The Trans Euro Trail — or just TET for short — is all adventure riders and dirt road travellers dream. It runs all the way from the North Cape to the door step of Africa. Across 30 countries, zigzagging 51,000 km of dirt roads, gravel and single tracks through Europe.
4 sections in Norway
In short, we have 4 sections in Norway. Section 1, 2 and 2b in southern parts, passing deep forests and high mountains. And section 3 in the north, crossing the tundra and sparse forest, heading north along the Old Post Road. The final stretch to the iconic top of Europe — The North Cape — runs on tarmac.
TET Norway Section 1: Charlottenberg – Blåhø
The close to 600 km long section 1 starts where you cross the Swedish border near the town of Charlottenberg. You dive straight into the forest and drives on gravel, dirt roads and forest roads for more than 100 km. Even if you don’t get to higher grounds to enjoy a view, you pass beautiful lakes, drive alongside rivers and feel really deep into the wilderness. Soon you start climbing the mountain roads east of Lillehammer. Crossing the Gudbrands valley on the way towards Skåbu. This part is considered the trickiest, with some narrow and challenging back-roads. But it is manageable even on huge adventure bikes. In fact, if you take your time, the TET in Norway is in general more of a beautiful nature adventure. Not an off-road challenge. That said, some gravel/dirt road experience — especially if you travel alone, and a set of tougher tires, is an advantage.
From Skåbu to Vågamo you climb mountains and dive into valleys, until you finally climb the section’s destination, Blåhø. The view from the 1618 m high mountain top is spectacular in all directions.
The TET Norway sections
- Section 1: Charlottenberg — Blåhø
- Section 2: Blåhø – Støa
- Section 2b: roundtrip: Alvdal-Røros-Alvdal
- section 3: Finish border — North Cape
Honor the Linesman
In Norway, it is not allowed to go off-roading wherever you like, and many (actually, most) gravel roads are closed for public use.

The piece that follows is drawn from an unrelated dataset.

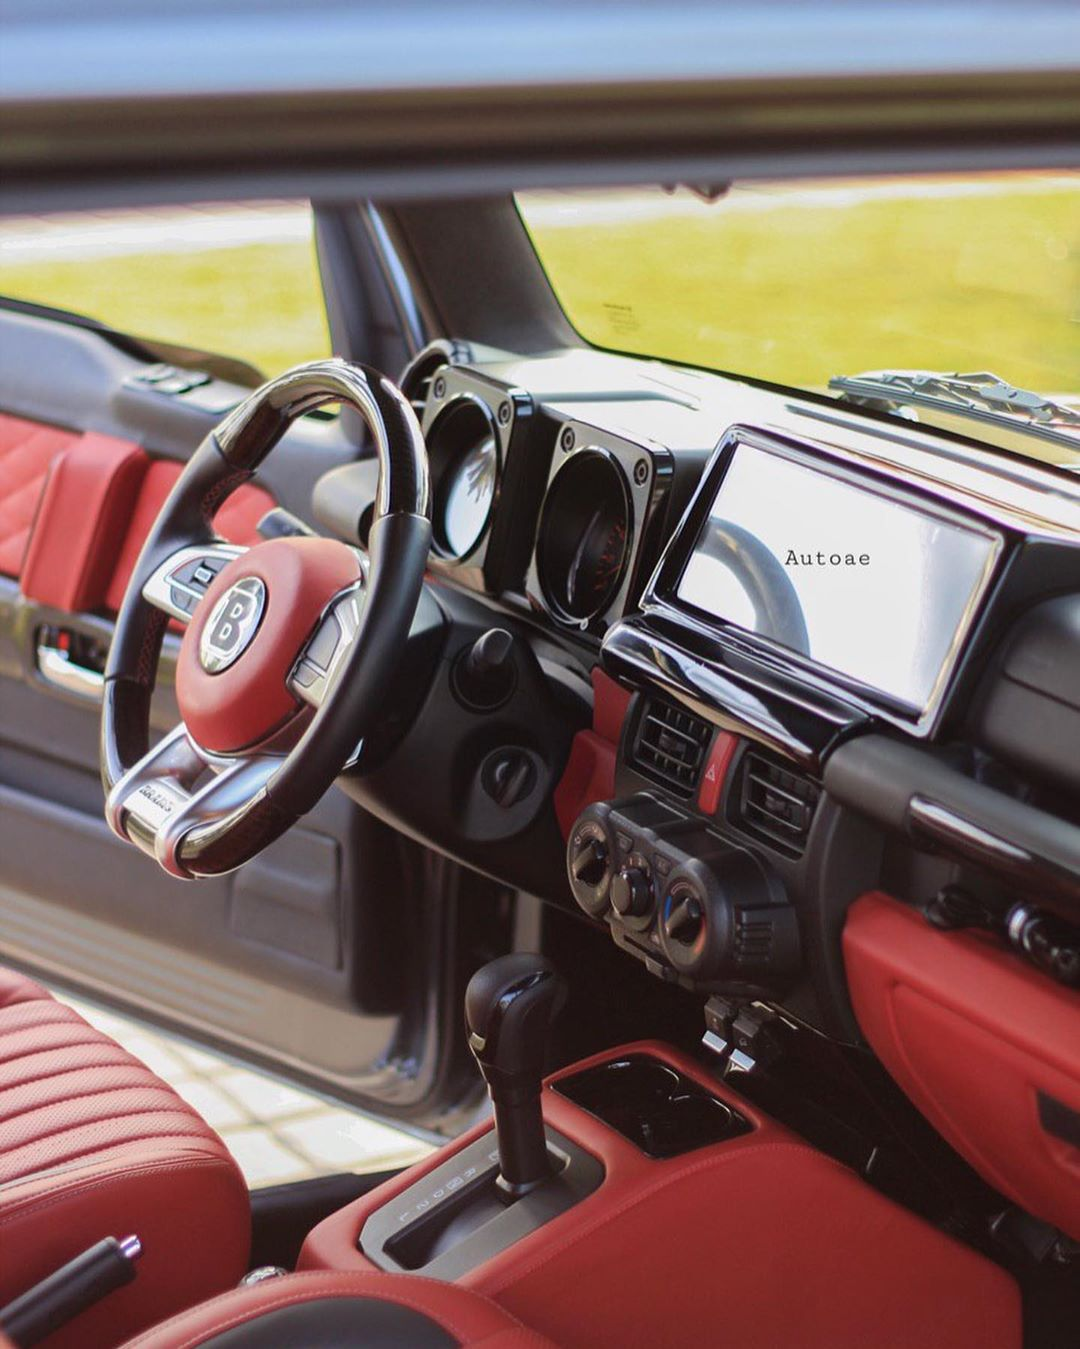 Suzuki Jimny Mercedes-AMG G 63 Brabus

But also here, as in the other countries the TET passes, there is an eager dirt road adventurer developing, expanding and checking the route’s on voluntary basis. In TET, he/she is called a linesman and in Norway that is Tore Silseth.
He’s made sure that the whole route is 100% legal for us to use.
Toll roads
Some roads are toll-roads, and if you cannot pay via your mobile phone (Vipps), you need to bring cash. A few accepts card, but far from all of these small roads.